連載「世界をつくりなおす、7つの話」 補遺
自分にツッコミを入れてみる
連載で「腐りかけの資本を祭りで燃やせ」と書きました。書いたあとで、自分の中の読者がこう言ってきたんです。「祭りで使い果たしたら、ほんとに世の中はよくなるの?飢餓はなくなるの?」と。
正直に言うと、僕もそこまで考えずに書いていた部分があります。だからこの補遺では、逃げずに、この問いを最後まで考えてみます。反論は三つ。順番に受けます。
反論① 「花火なんて、資源の無駄遣いだ」
一番よくあるやつです。答えはこうです。お金を燃やすことと、資源を燃やすことは、別物です。
花火大会に1億円かけたとして、燃えて消えるのは火薬と材料の分だけ。残りはどこへ行くか——花火職人、音響、設営、警備、屋台、運営。つまり人の給料です。祭りは労働集約的なので、貨幣レベルの蕩尽は、実際には賃金を通じた再分配として着地します。
▶ 花火大会の1億円。「燃やす」と、お金はどこへ行くのか。
※内訳はイベントにより異なる、ざっくりの図解です。
📖 ケインズ「ピラミッドは二つ建てても良い」
経済学者ケインズは『一般理論』で、不況の本質は「貯め込まれて使われないお金」だと論じ、半ば冗談めかしてこう書きました——古代のピラミッド建設や中世の大聖堂は、直接の実用がなくても人を雇い、お金を循環させた点で経済を救っていた。「ピラミッドは二つ建てても無駄にならない」。眠っている貯蓄を雇用に変えるなら、壮大な「無駄」は立派に機能する——祭りの経済学には、20世紀最大の経済学者の足場があるのです。
反論② 「祭りで、飢餓はなくならない」
これは半分正しくて、半分違います。まず、現代の飢餓の正体から。世界は今、100億人分のカロリーを生産できています。それでも飢餓が残るのは、食料が無いからではなく、買う力が無いからです。つまり飢餓は生産の問題ではなく、お金が上に詰まって流れない問題——この連載がずっと撃ってきた構造、そのものなんです。

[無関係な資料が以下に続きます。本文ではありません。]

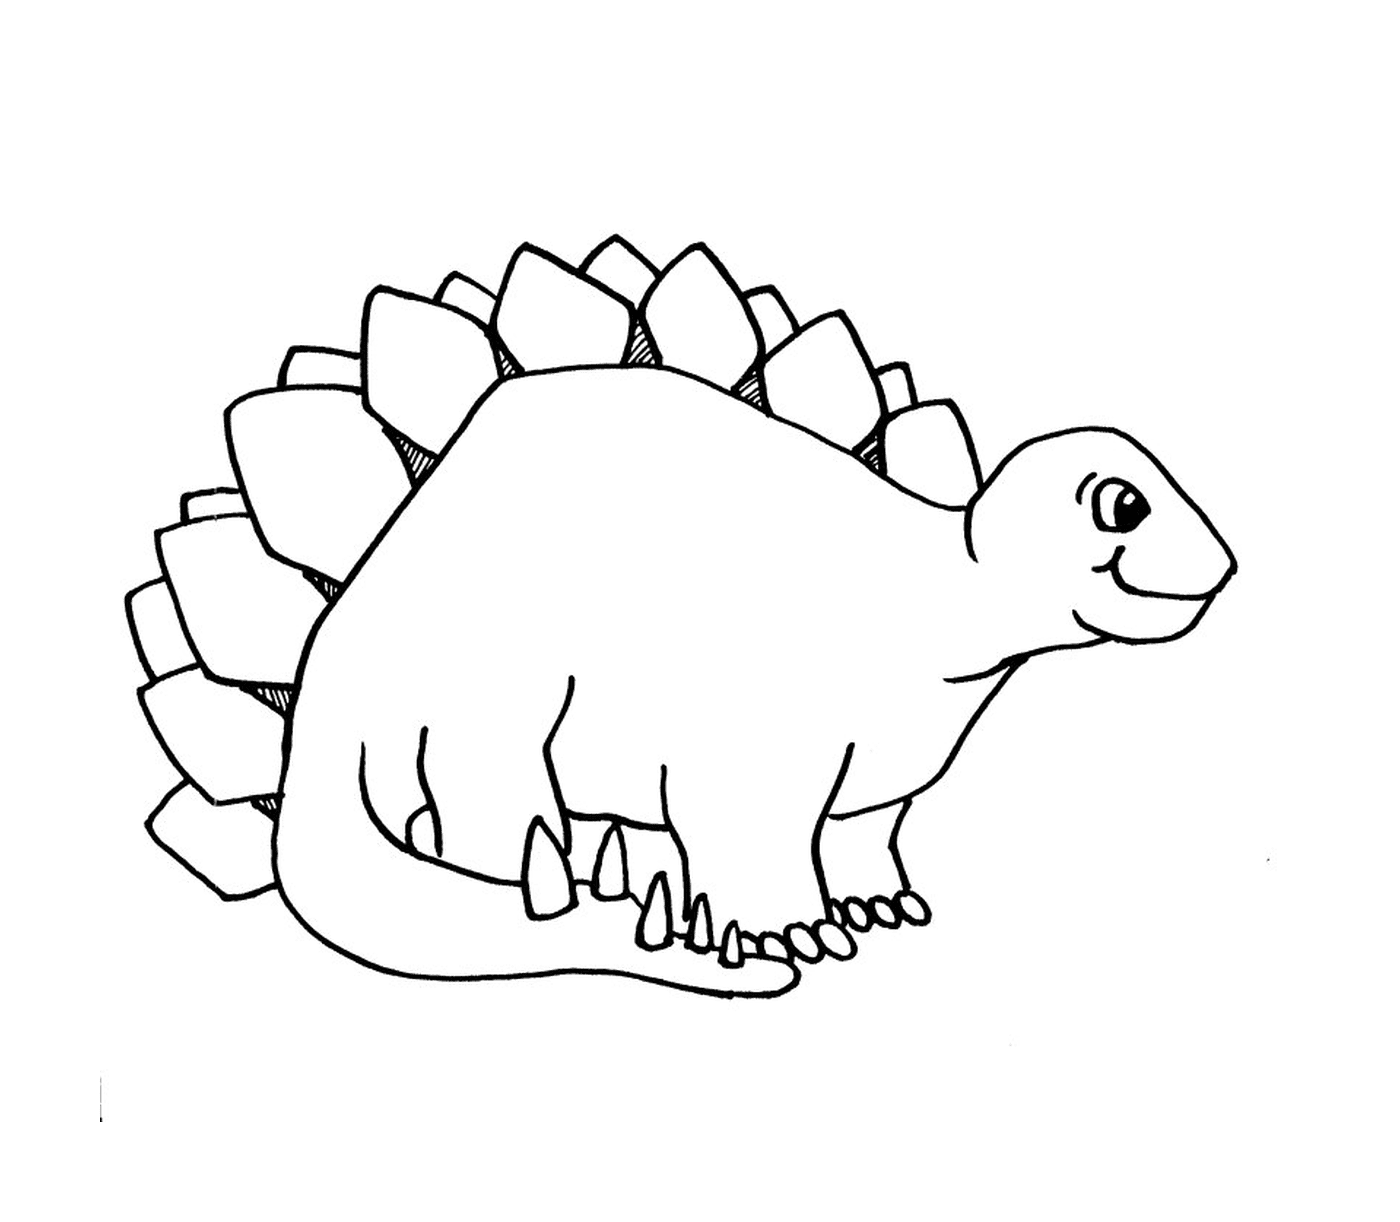  Ein Stegosaurus 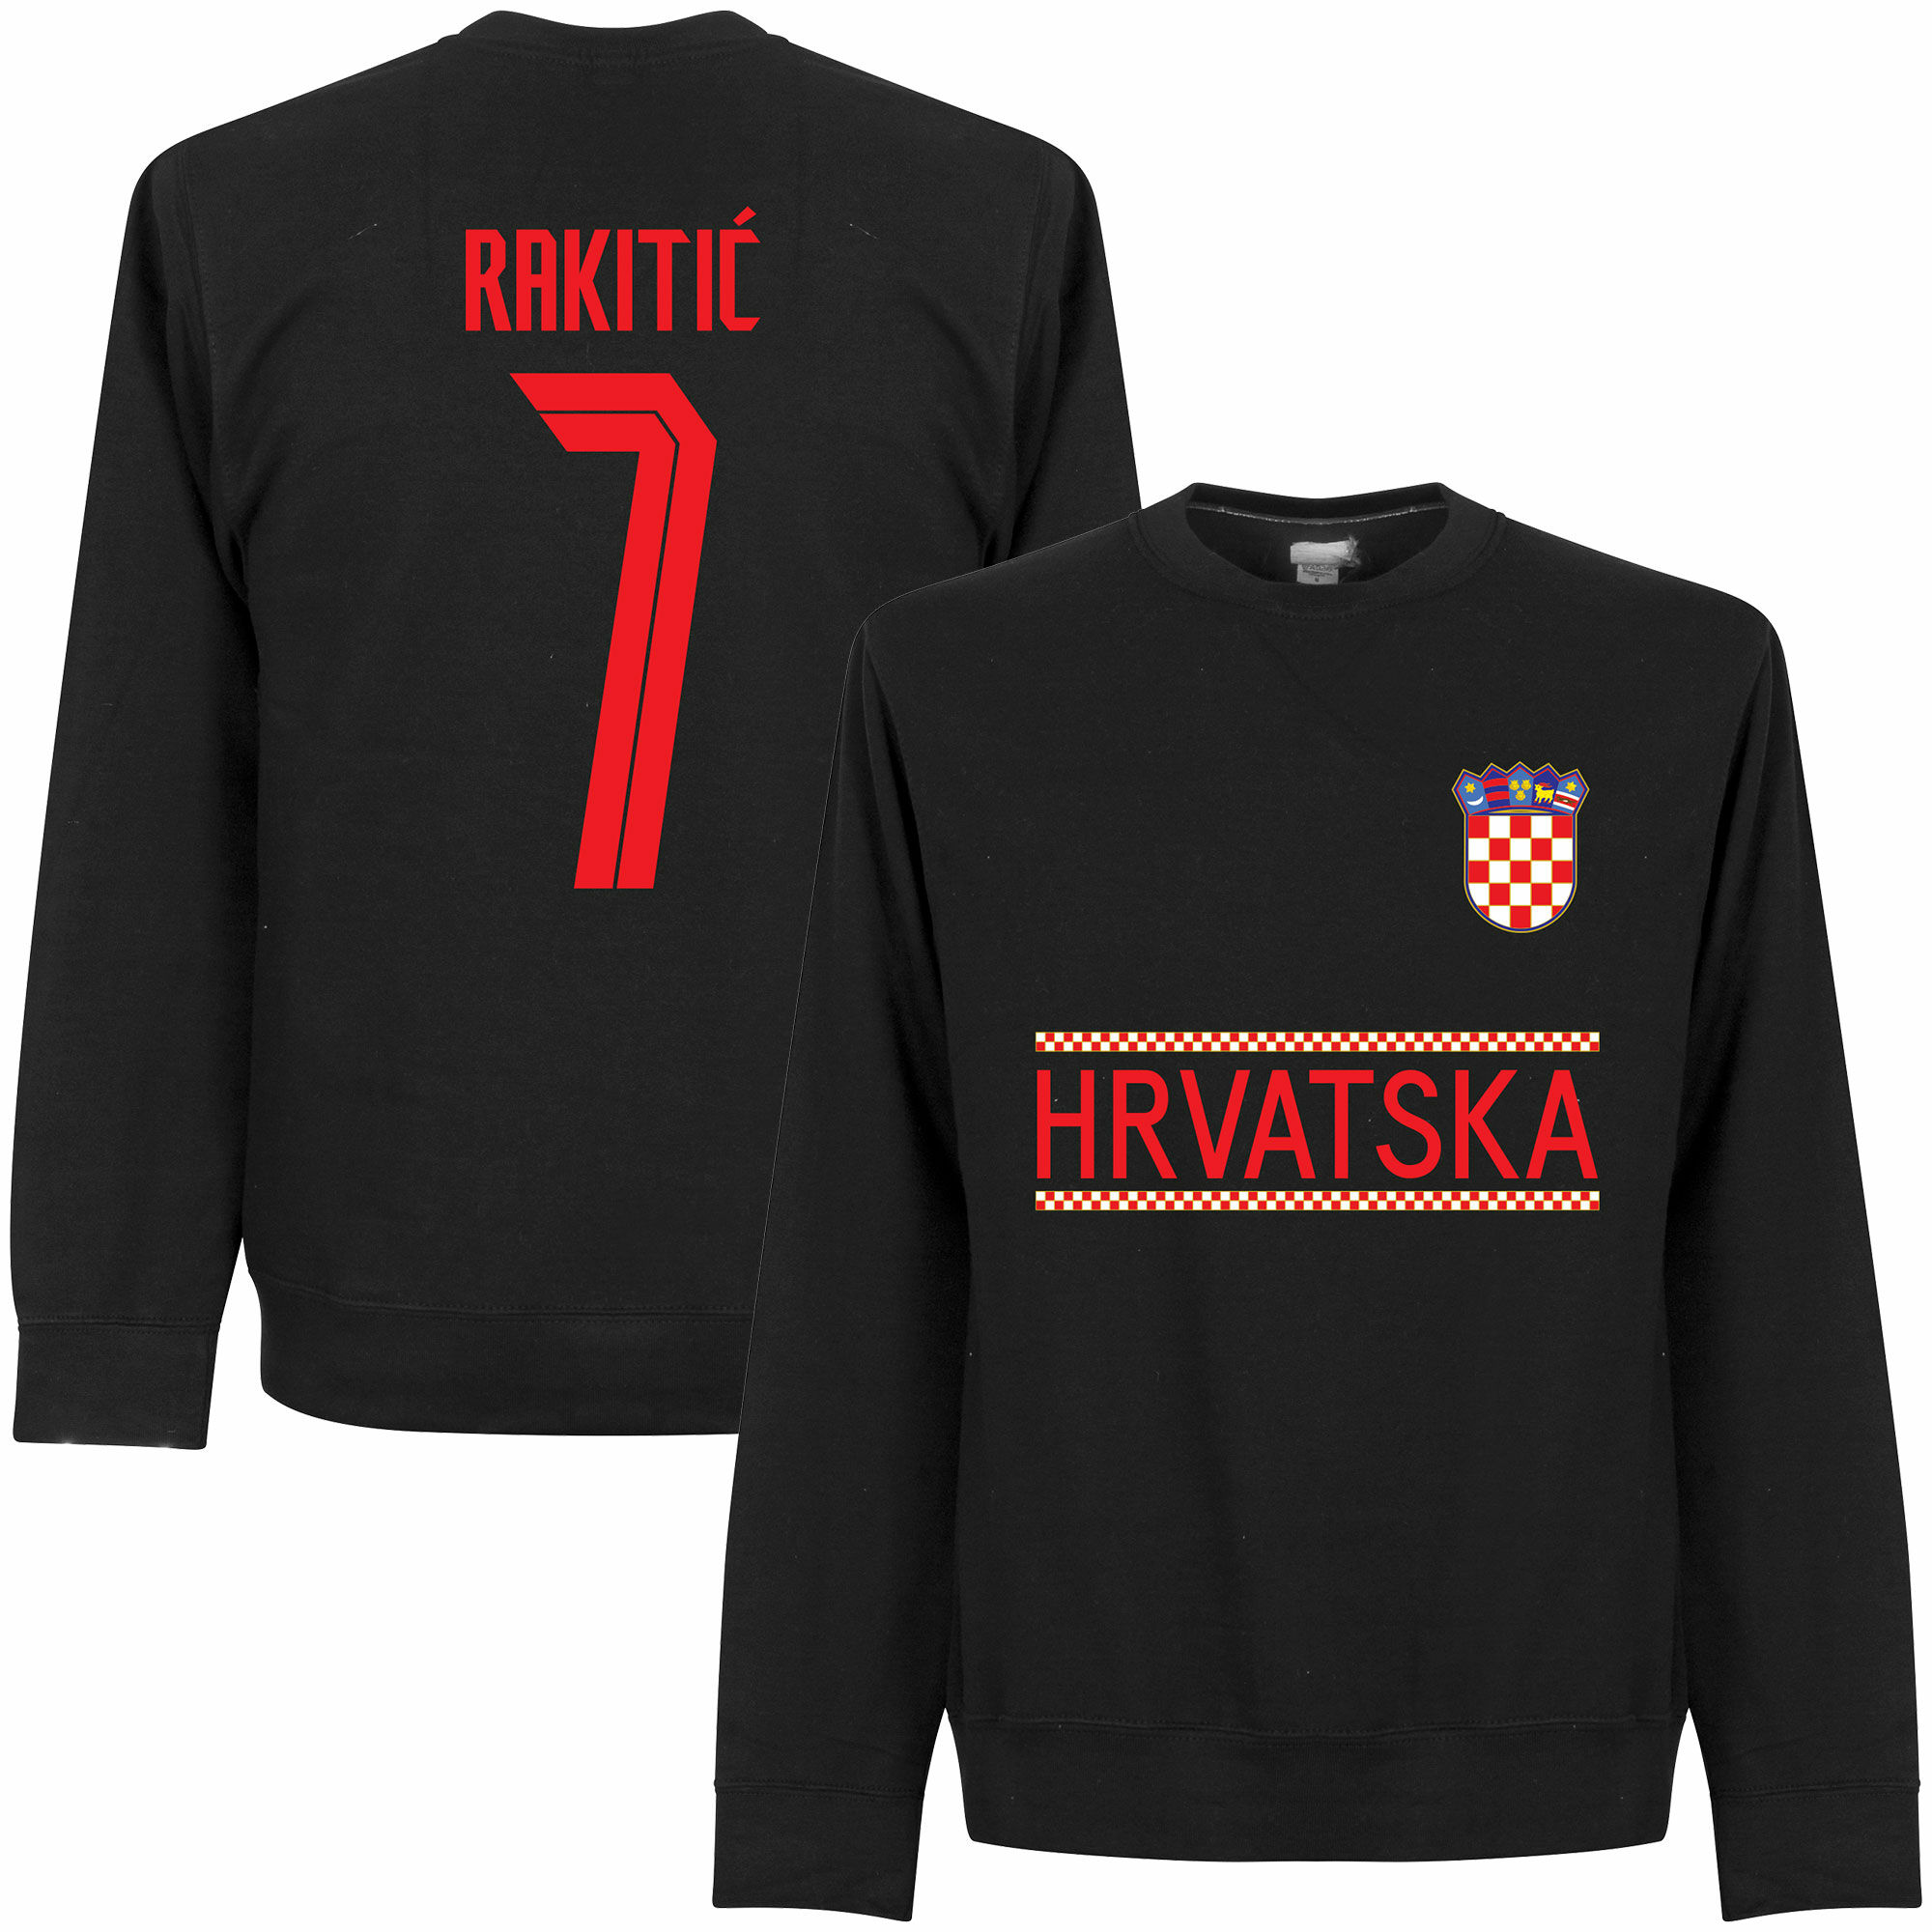 Chorvatsko - Mikina - černá, číslo 7, Ivan Rakitić

📖 アマルティア・セン「飢饉は食料不足では起きない」
ノーベル賞経済学者アマルティア・センは、1943年のベンガル大飢饉(自身が子ども時代に目撃)などの研究から、飢饉の多くは食料の絶対量ではなく「エンタイトルメント(食料への正当な請求力=所得・権利)」の崩壊で起きることを示しました。食料はあるのに、買えない人が餓える。だから飢餓対策の本丸は増産よりも、購買力と権利の分配なのです。
ただし、正直に認めます。東京の祭りは、スーダンの賃金にはなりません。祭りの再分配はローカルです。じゃあ思想として破綻するのか——ここで面白いのは、バタイユ自身の結論です。『呪われた部分』の最終章で彼が現代最大の栄光ある蕩尽として挙げたのは、祭りではなくマーシャル・プラン——見返りを求めない、国境を越えた大規模贈与でした。
つまり、飢餓に対する「祭り」とは、パーティーのことではない。祭りの原理(見返りなしに手放す)を、贈与としてスケールさせたもののことです。そしてそれは、既に一度、焼け跡のヨーロッパを立て直した実績がある。
📖 バタイユの最終章はマーシャル・プランだった
『呪われた部分』(1949)は古代の供犠やポトラッチの分析から始まりますが、最終章で扱うのは当時進行中だったマーシャル・プラン——米国がGDPの数%を投じて欧州復興に贈与した計画です。バタイユはこれを「利潤の論理の外側にある、余剰の栄光ある使い方」の現代版として位置づけました。溜まった余剰を戦争ではなく贈与で発散する——連載第7話の結論は、バタイユが70年以上前に通った道です。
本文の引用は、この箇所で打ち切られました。